DATA SEGMENT
^^^^^^^^^^^^^^^^
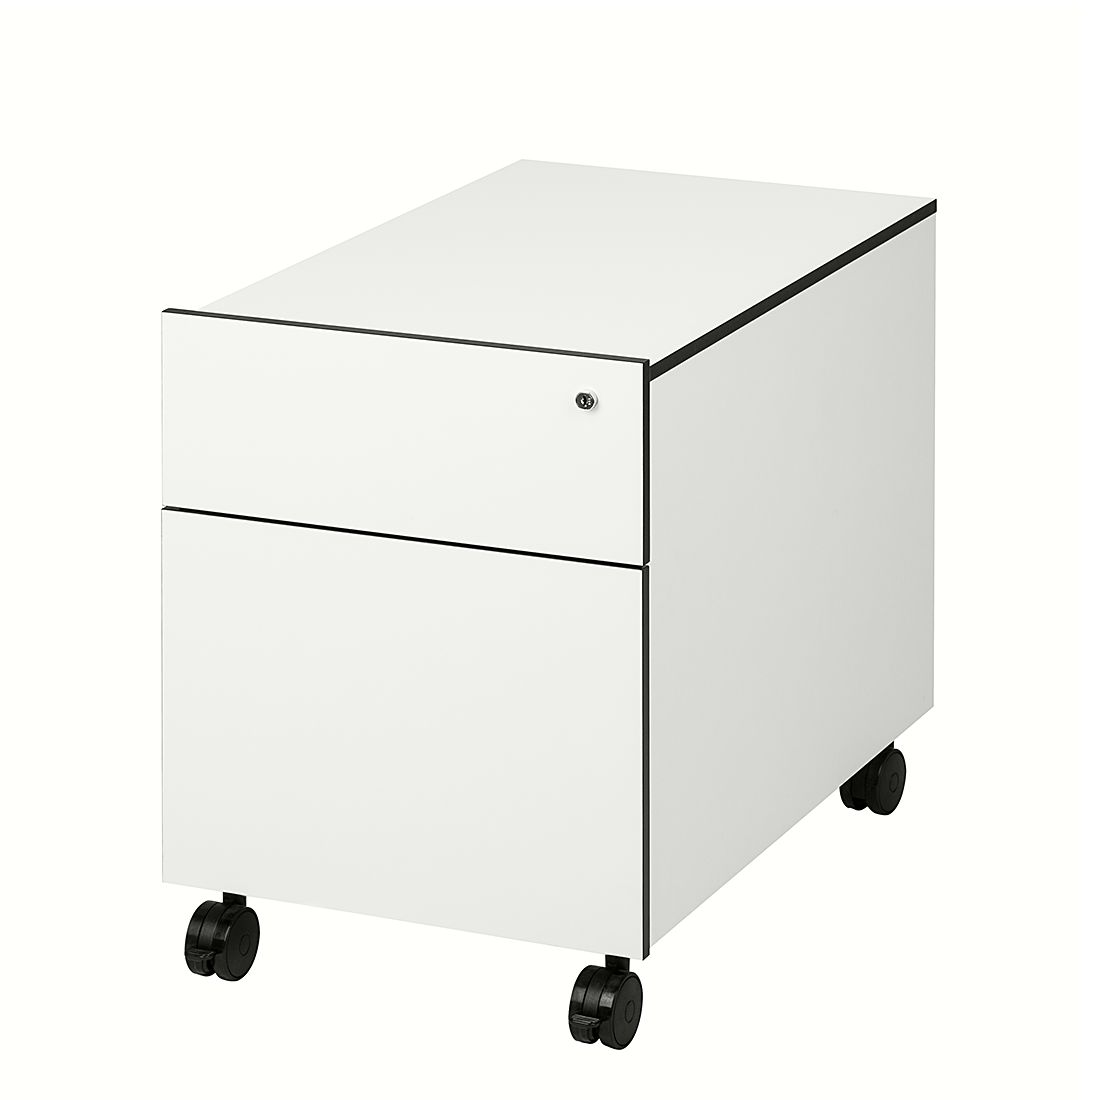 rollcontainer archive seite 2 von 5. Black Bedroom Furniture Sets. Home Design Ideas
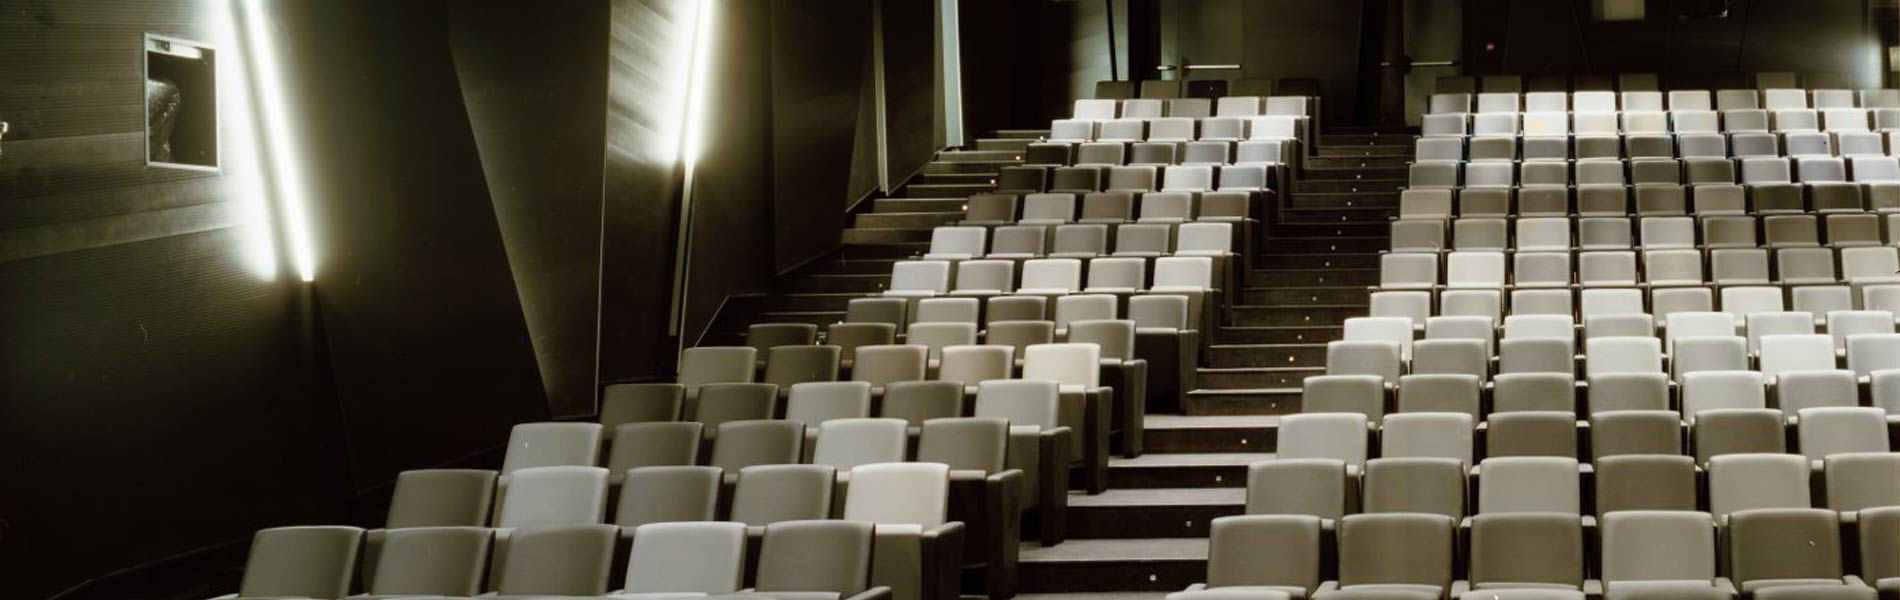 Dimensioni Sala Conferenze 100 Posti.Aresline Comfort Experiences Tempo Plus
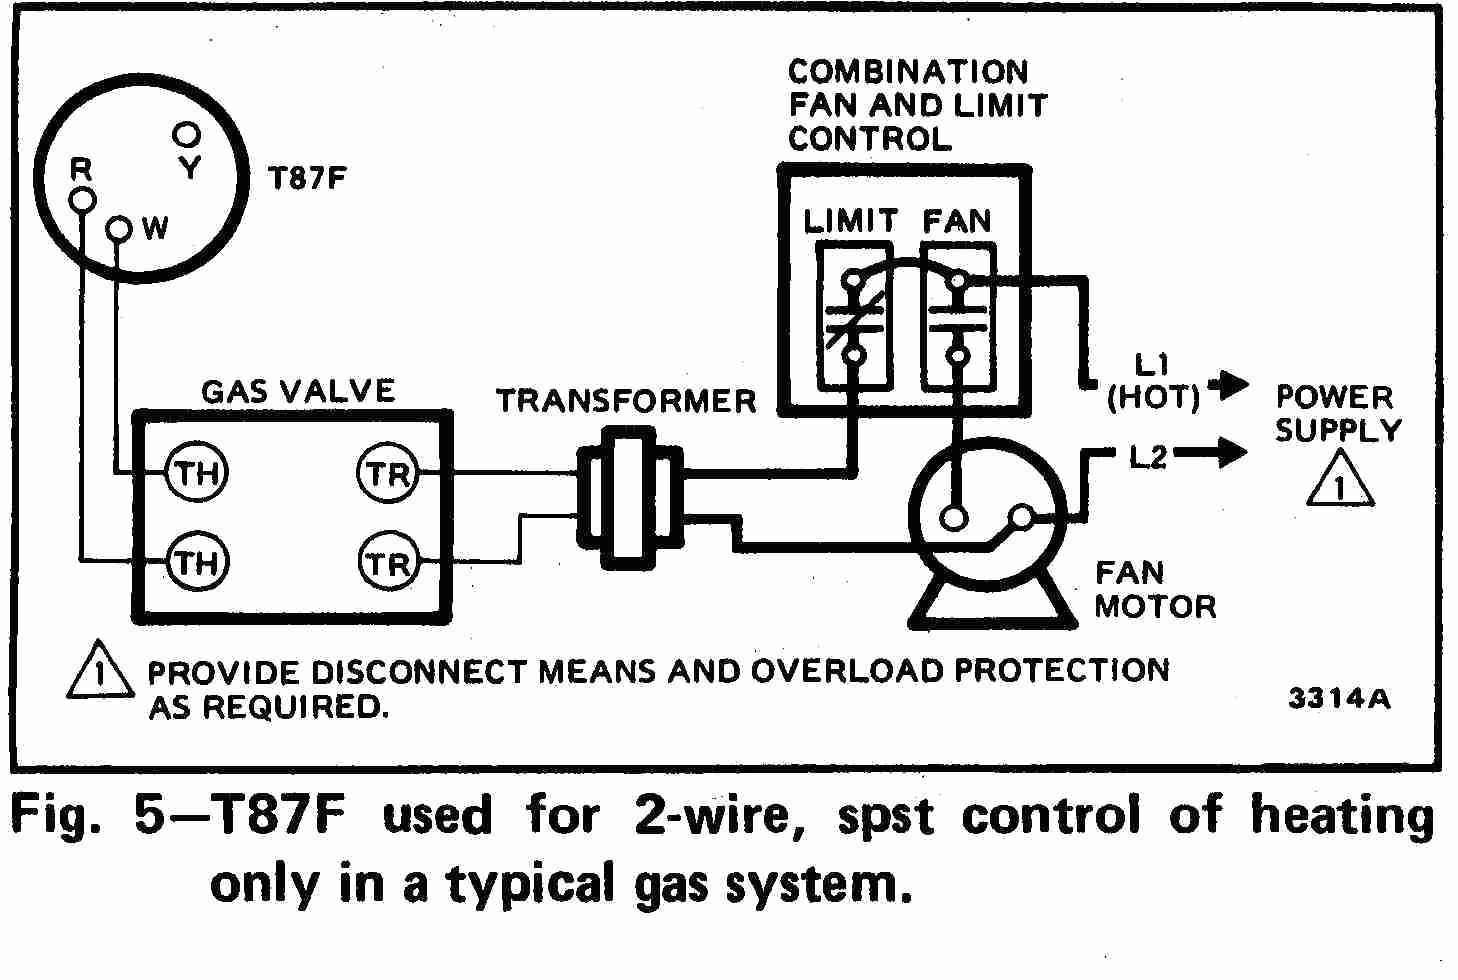 honeywell gas valve wiring diagram wiring diagram image old gas furnace wiring  diagram honeywell gas valve wiring diagram
^^^^^^^^^^^^^^^^
ASSIGNED TASK
In your reply, please print exactly the lines from the one with "Dimensioni Sala Conferenze" through the final line of the listing above, both included, and no pictures.

EXERCISE RESULT
 Dimensioni Sala Conferenze 100 Posti.Aresline Comfort Experiences Tempo Plus
 honeywell gas valve wiring diagram wiring diagram image old gas furnace wiring  diagram honeywell gas valve wiring diagram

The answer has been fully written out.